Comprehensive SummaryHere, we demonstrate the use of branched macromolecular reversible addition‐fragmentation chain transfer (macro‐RAFT) agents in RAFT dispersion polymerization, to access branched block copolymers as well as well‐defined branched block copolymer assemblies. Two types of branched macro‐RAFT agents were first synthesized by using either a monofunctional chain transfer monomer or a difunctional chain transfer monomer in RAFT polymerization, and subsequently utilized in RAFT dispersion polymerization. It was found that only branched macro‐RAFT agents synthesized from the difunctional chain transfer monomer could lead to colloidally stable assemblies with well‐defined morphologies.

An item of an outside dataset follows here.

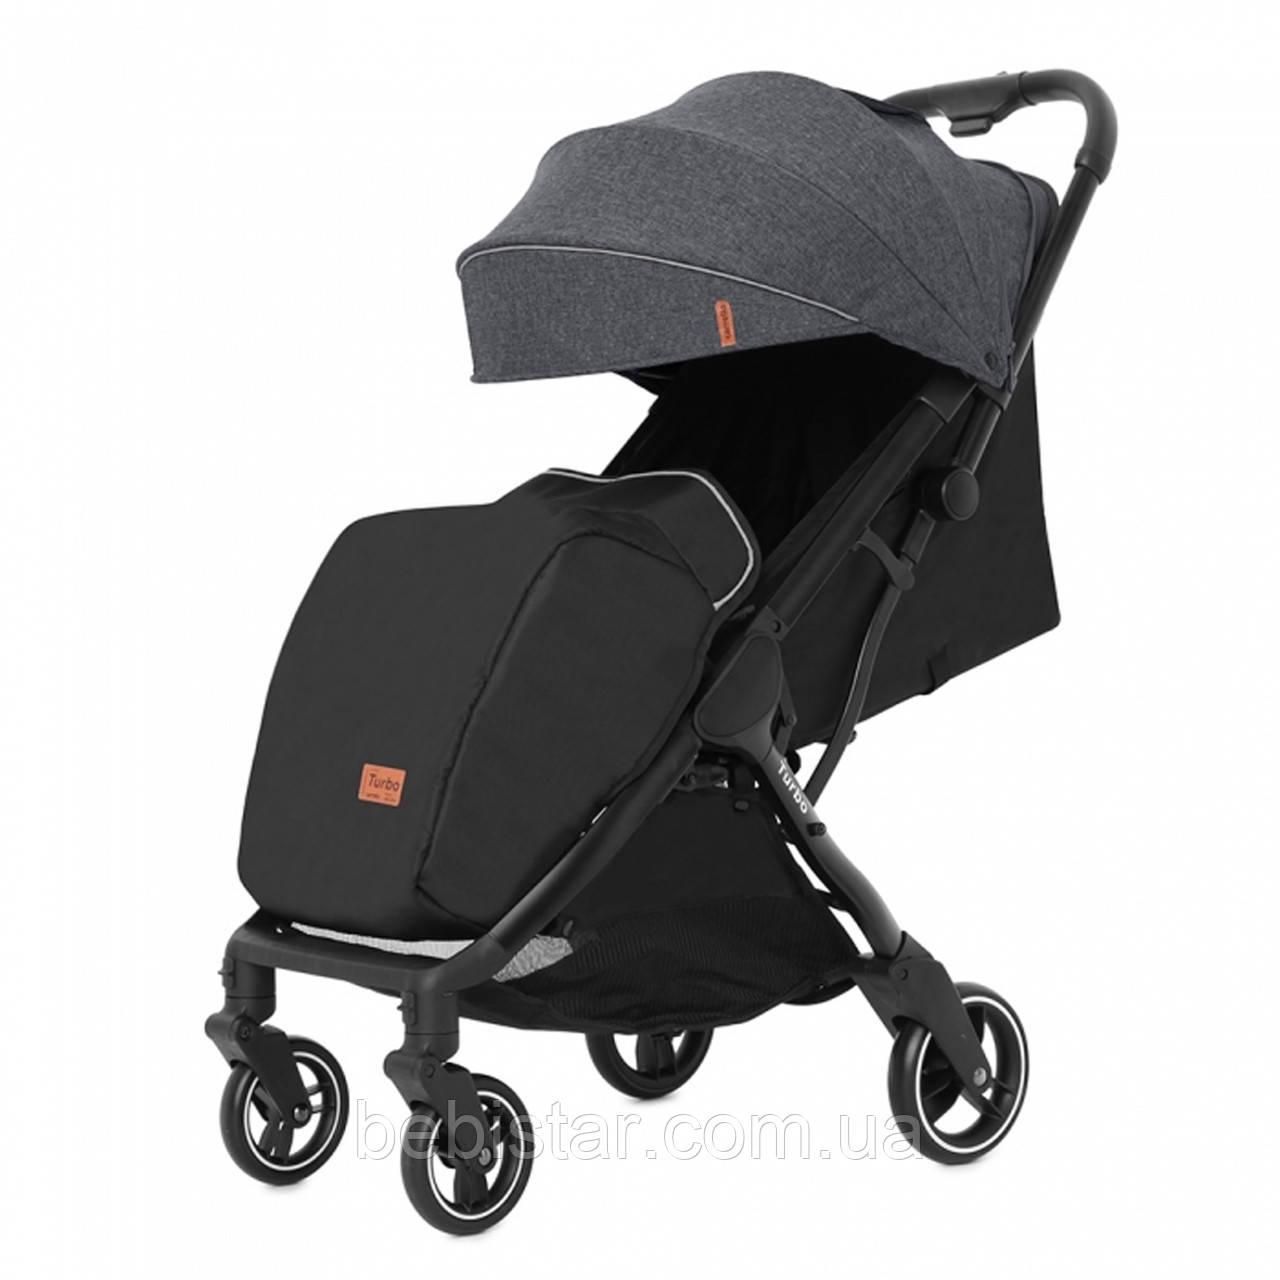 Детская прогулочная коляска темно-серая Carrello Turbo черная рама утеплённый чехол для ножек дождевик
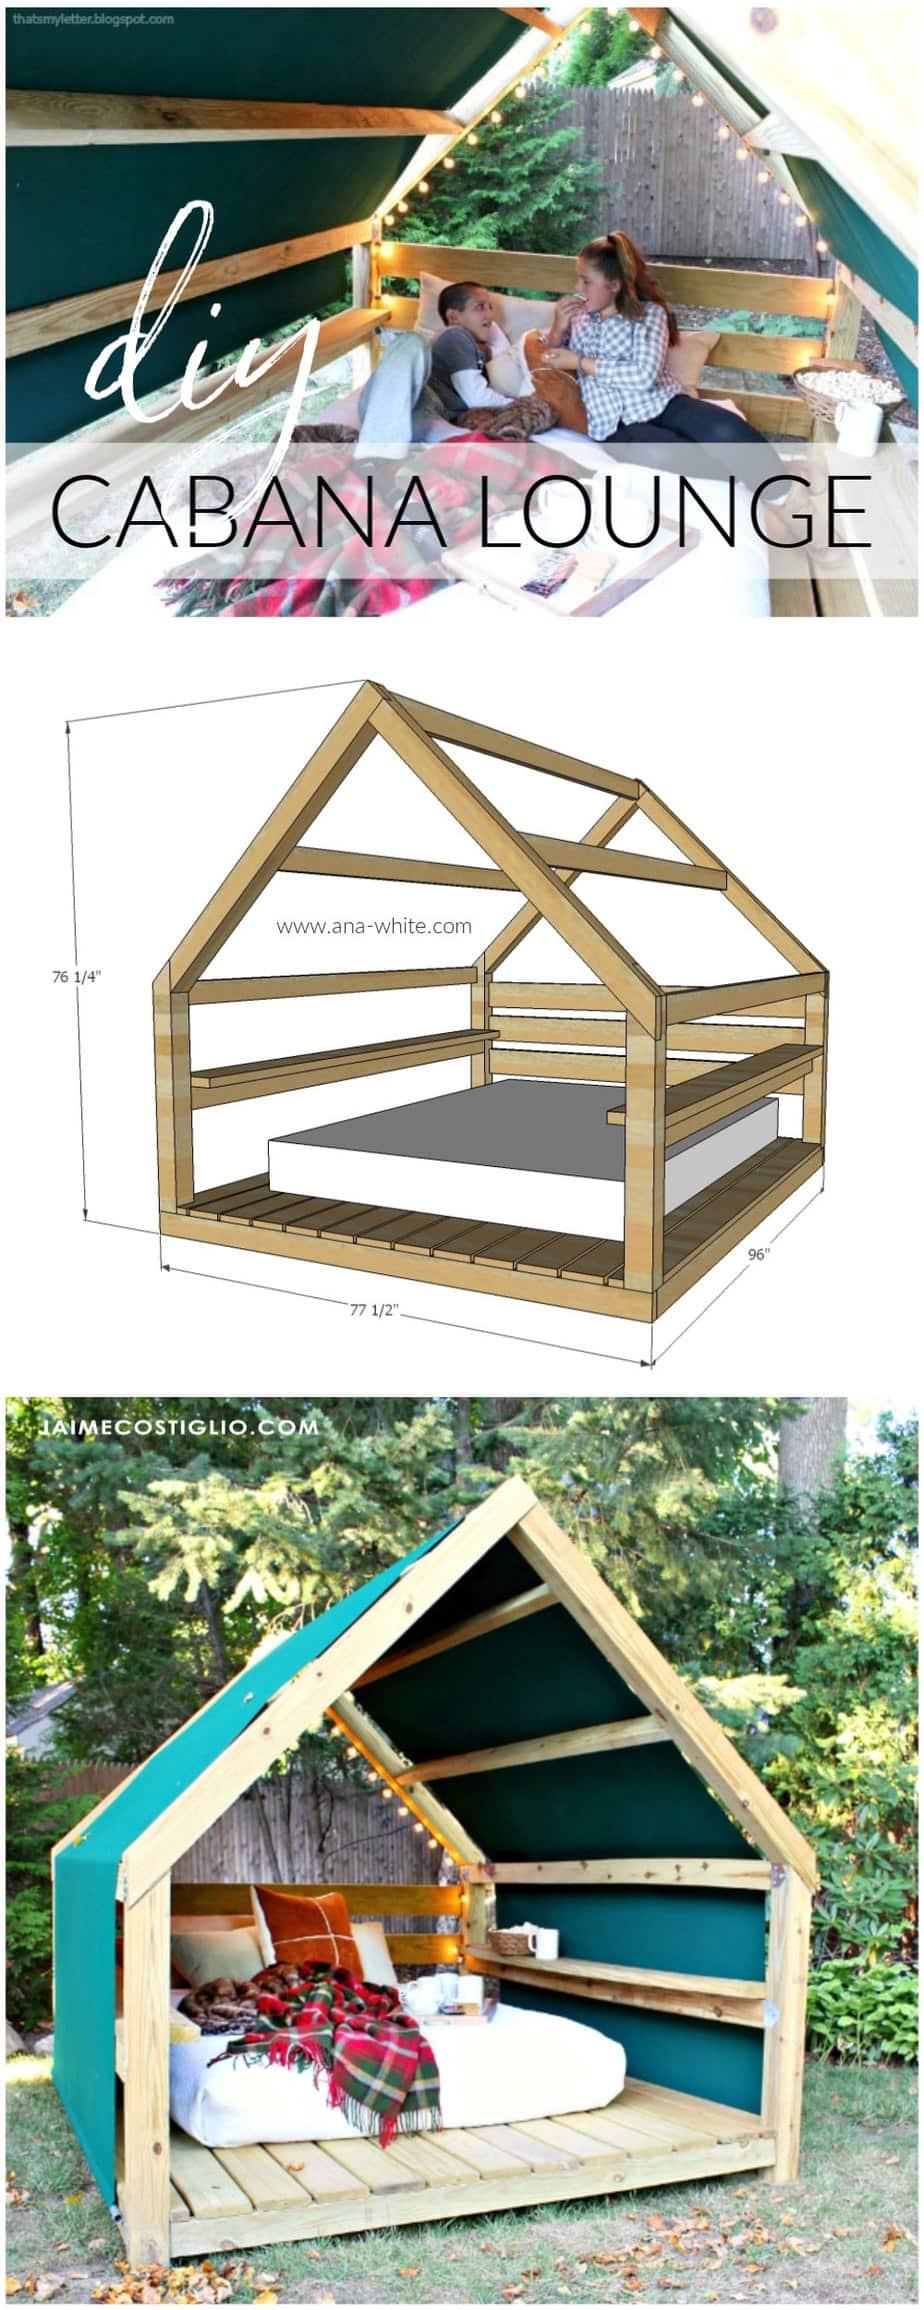 diy outdoor cabana lounge plans

Reaction conditions including monomer concentration, degree of polymerization (DP) of the core‐forming block, and DP of the solvophilic segment on morphologies of branched block copolymer assemblies were investigated in detail. Size exclusion chromatography (SEC) analysis further confirmed the successful formation of branched block copolymers by using branched macro‐RAFT agents. This work on the synthesis of branched block copolymer assemblies by RAFT dispersion polymerization offers new opportunities for the rational design of polymer assemblies with well‐defined structures.